When the ultrasonic sensor module detects trash being thrown in, the digital servo motor opens the lid of the trash can.
Note
If this is your first time working with an Arduino project, we recommend downloading and reviewing the basic materials first.
Required Components
In this project, we need the following components:
SN |
COMPONENT INTRODUCTION |
QUANTITY |
PURCHASE LINK |
|---|---|---|---|
1 |
Arduino UNO R4 Minima/Arduino UNO R4 WIFI |
1 |
|
2 |
USB Type-C cable |
1 |
|
3 |
Breadboard |
1 |
|
4 |
Wires |
Several |
|
5 |
1kΩ resistor |
4 |
|
6 |
Ultrasonic Sensor Module |
1 |
|
7 |
LED |
4 |
|
8 |
Digital Servo Motor |
1 |
|
9 |
Active Buzzer |
1 |
|
10 |
I2C LCD 1602 |
1 |
Wiring
Common Connections:
Digital Servo Motor
Connect to breadboard’s positive power bus.

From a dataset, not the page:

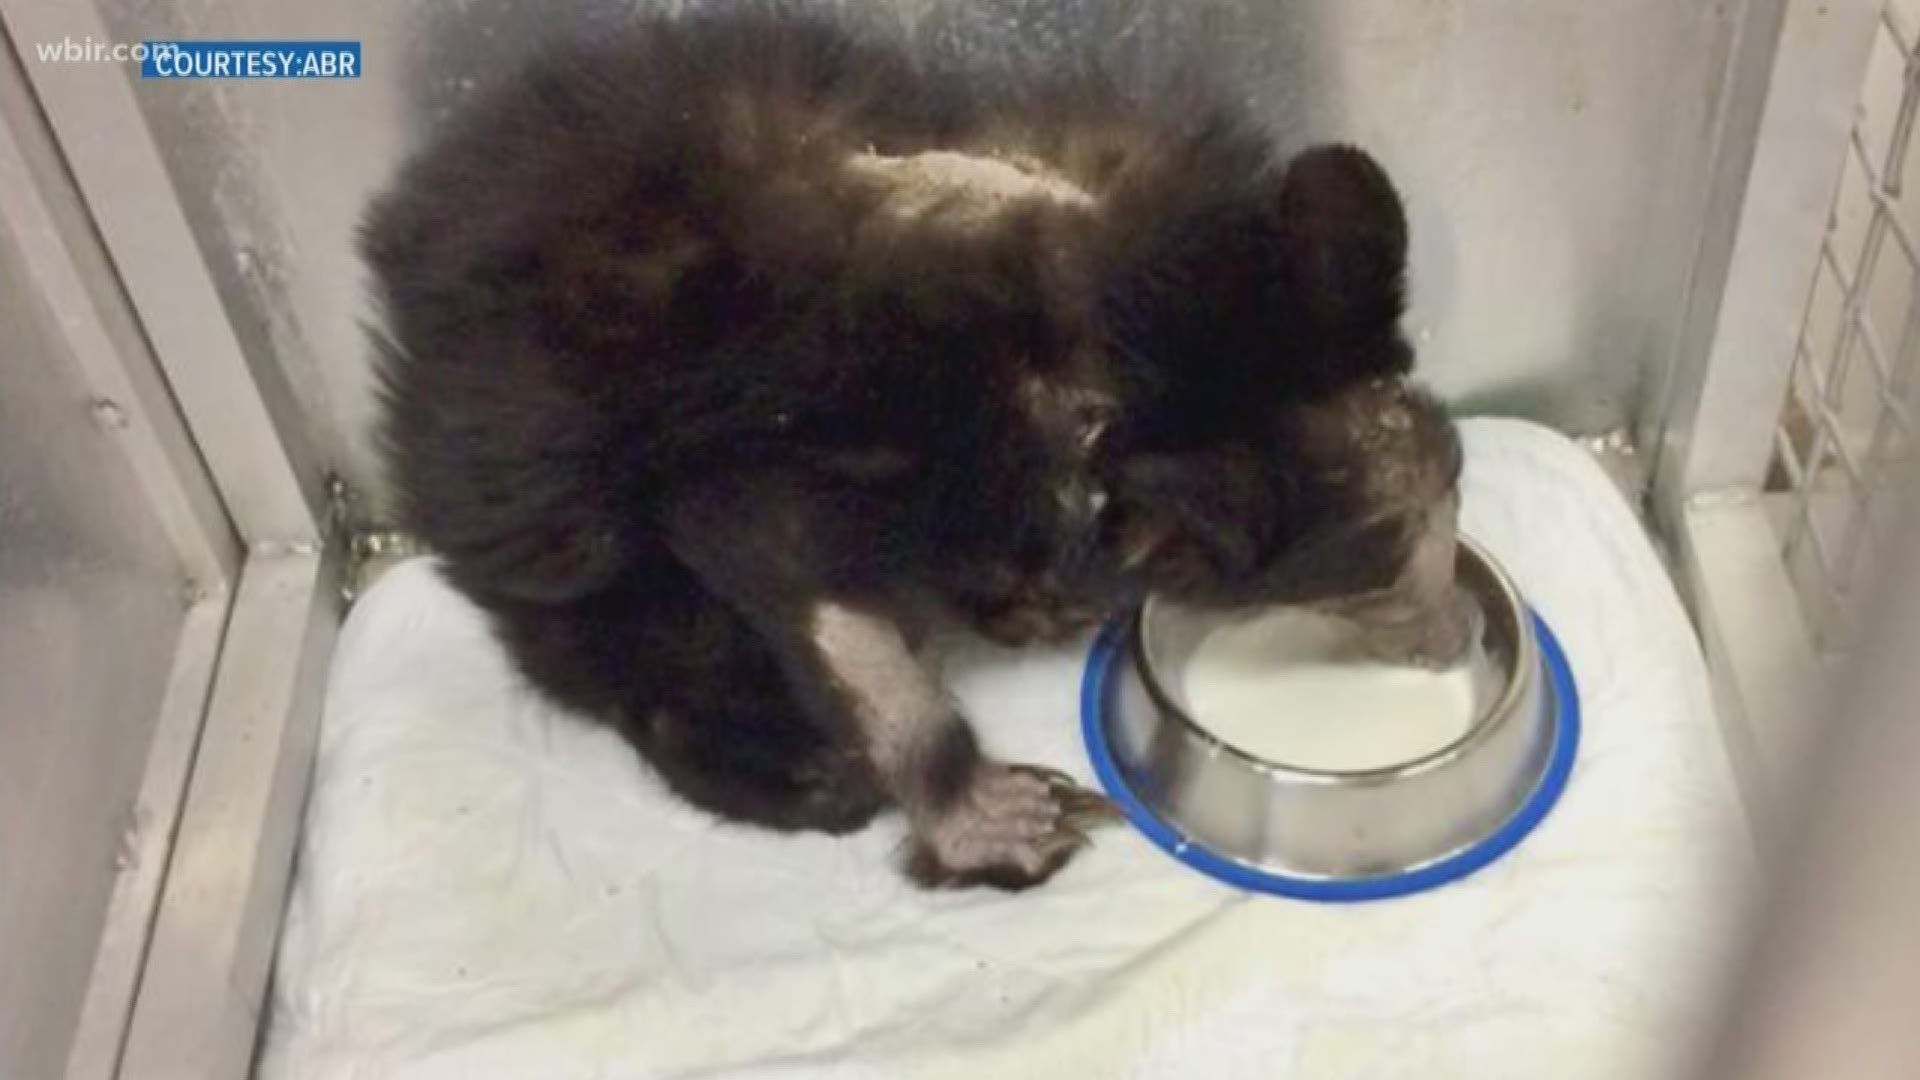 A bear in desperate need of food is recovering at the Appalachian Bear Rescue.
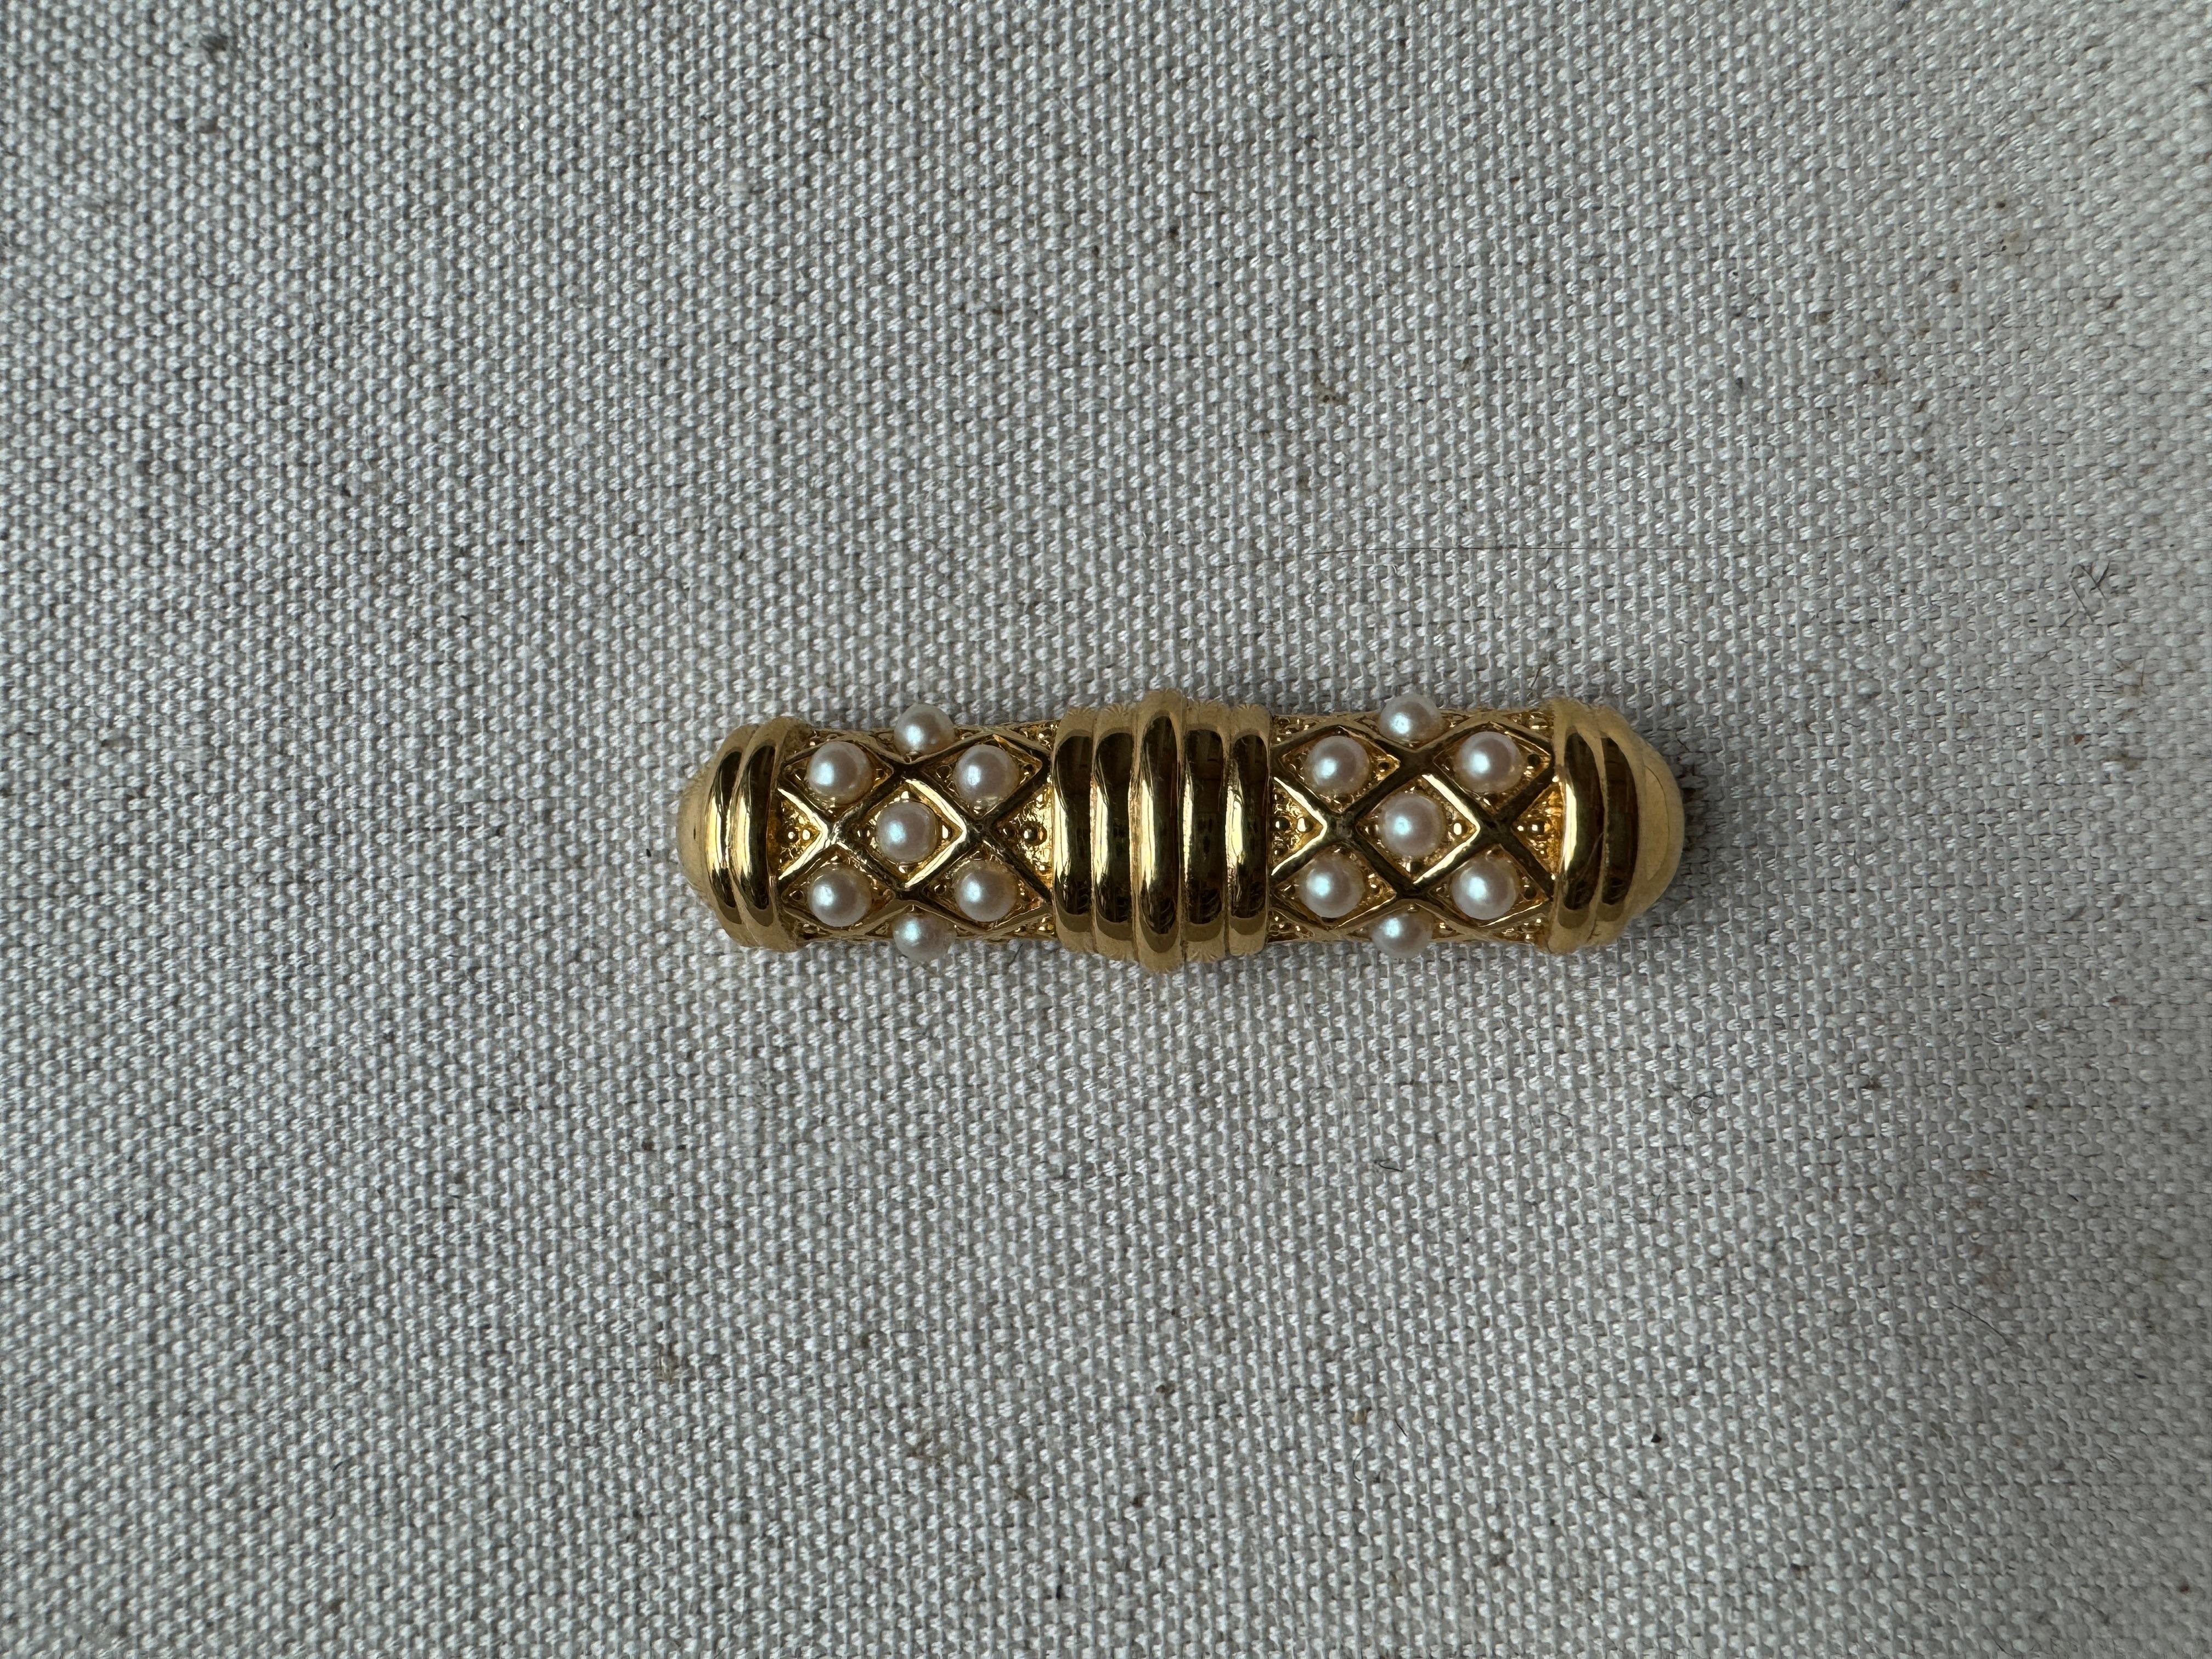 Vintage Deco Richelieu Gold Tone Brooch with Pearl Accents  In Excellent Condition For Sale In Amagansett, NY

Connect to breadboard’s negative power bus.
Connect to 9 on the Arduino.
Ultrasonic Sensor Module
Trig: Connect to 5 on the Arduino.
Echo: Connect to 6 on the Arduino.
GND: Connect to breadboard’s negative power bus.
VCC: Connect to breadboard’s red power bus.
LED
Red LED: Connect the LEDs anode to a 1kΩ resistor then to the 3 on Arduino, and the LEDs cathode to negative power bus on the breadboard.
Green LED: Connect the LEDs anode to a 1kΩ resistor then to the 4 on Arduino, and the LEDs cathode to negative power bus on the breadboard.
Active Buzzer
+: Connect to 2 on the Arduino.
-: Connect to breadboard’s negative power bus.
I2C LCD 1602
SDA: Connect to A4 on the Arduino.
SCL: Connect to A5 on the Arduino.
GND: Connect to breadboard’s negative power bus.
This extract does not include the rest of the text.